Male and female diet choice in response to the socio-sexual environment

From recent advances in animal nutrition research, it is now clear that for many species, it is not only the amount of food eaten but also the protein and carbohydrate content of that food that influences life history and health1. In particular, diets that are relatively high in protein and low in carbohydrate enhance reproduction, whereas low protein and high carbohydrate diets prolong life. However, current understanding of the 'ideal' diet is often limited to simplified social environments. In particular, we know little about how nutritional preferences and optima shift in response to mating, or about how individuals can achieve their dietary optima despite conflicts of interest over nutrition with their mates and family members.

The goal of this studentship is to examine how the diets that maximize health, lifespan and reproduction vary with the ecological and social setting. The project will use the fruit fly Drosophila melanogaster because it is an experimentally tractable animal with well-established nutritional and behavioural protocols. Research questions to be addressed include:

How do the diets that maximize male and female lifespan and reproduction change with mating frequency?
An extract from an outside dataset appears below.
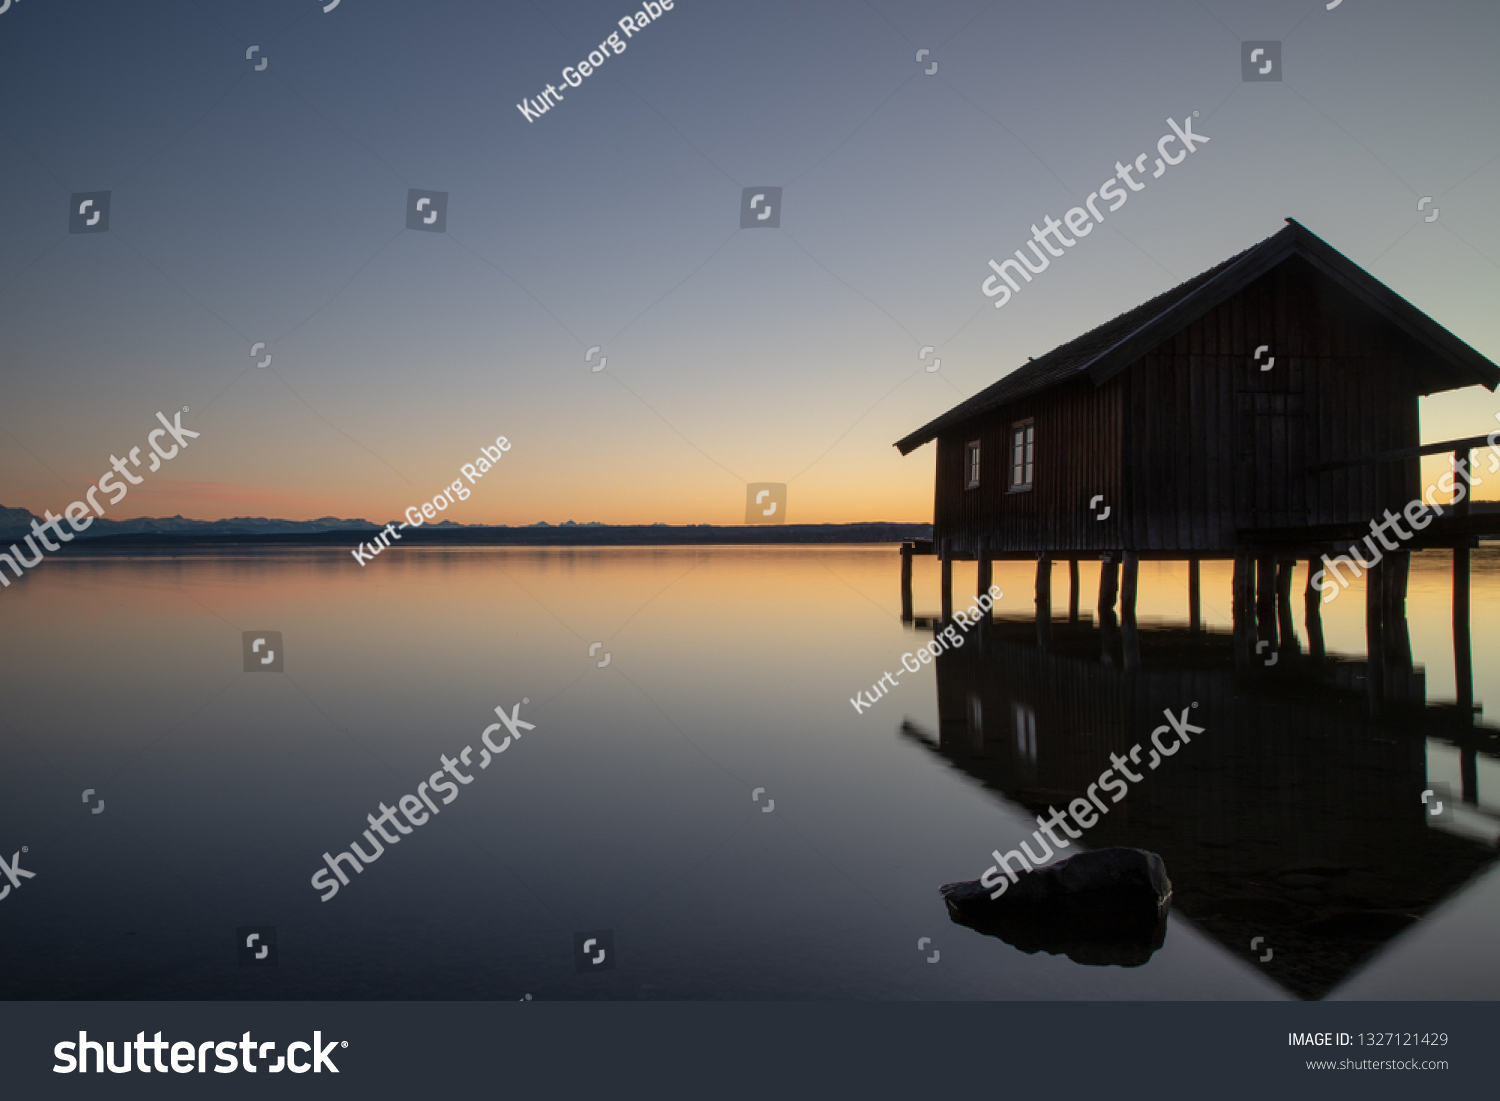 A boatshouse at a lake at sunset #1327121429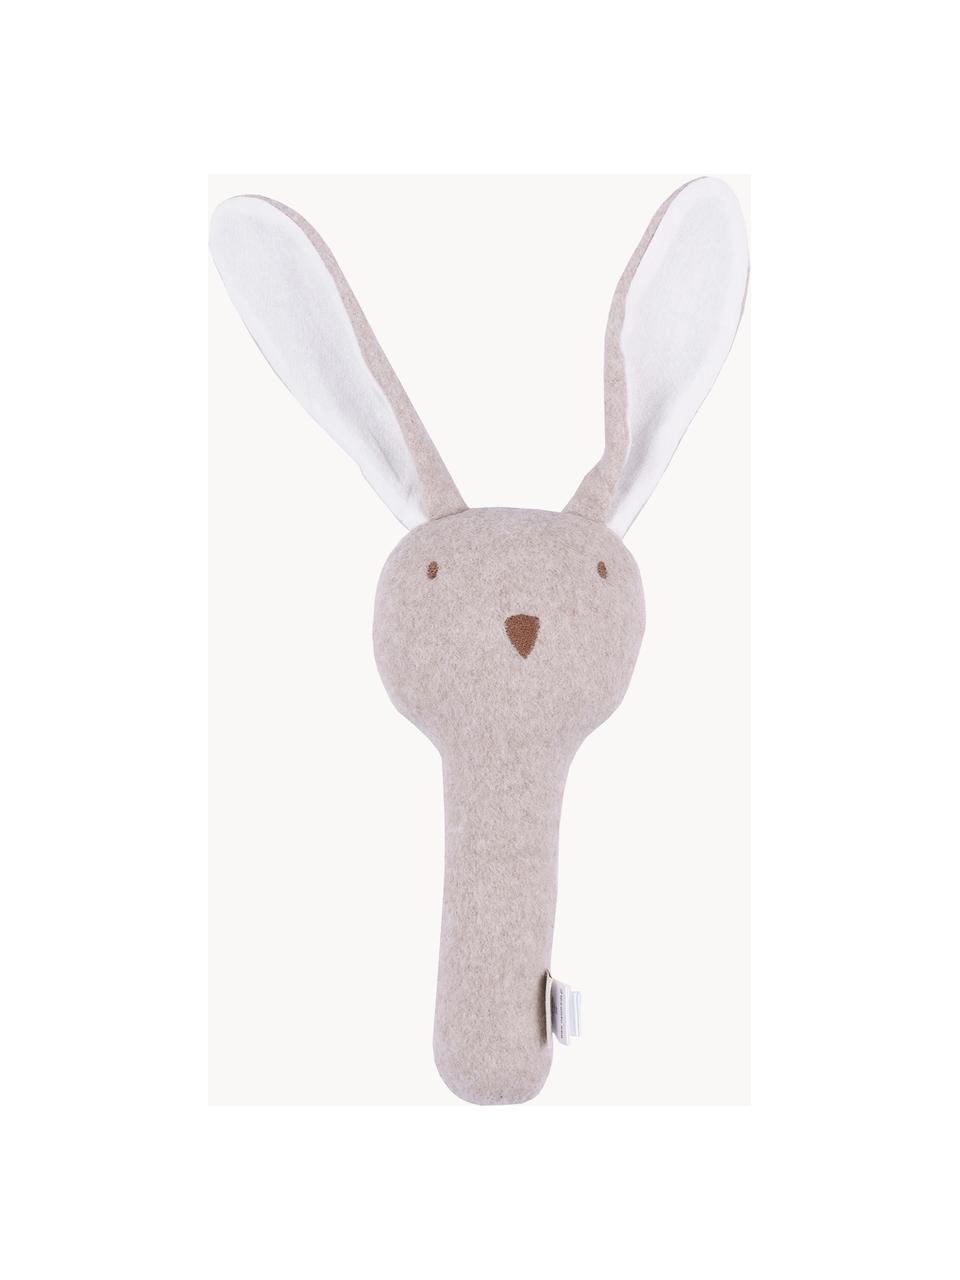 Handgefertigte Rassel Rabbit, Baumwolle, Nougat, Weiß, B 10 x L 21 cm

To what extent do evolutionary conflicts of interest - for example, when mothers have different optimal diets from their offspring - shape dietary preferences?

By what mechanisms might males influence the nutritional preferences of their mates? A candidate mechanism is male seminal proteins, which are known to influence female behaviour and physiology4.

These questions will be addressed in laboratory experiments that manipulate diet composition and interactions with the opposite sex, followed by assays of reproduction, lifespan, and feeding and mating behaviour. The project will include assays of replicated populations of flies that have undergone experimental evolution in the supervisory team's laboratories under low, moderate or high conflict between males and females; and the use of genetically manipulated flies (e.g., in which candidate seminal proteins are not expressed). There will also be the opportunity for the student to develop the project independently by exploring research questions inspired by results from the initial experiments.

The proposed research is closely related to the primary supervisor's NERC-funded fellowship research. The research targets two areas of NERC remit: Ecology, Biodiversity and Systematics (behavioural ecology; foraging behaviour); and Genetics & Development (adaptation and the evolution of life histories).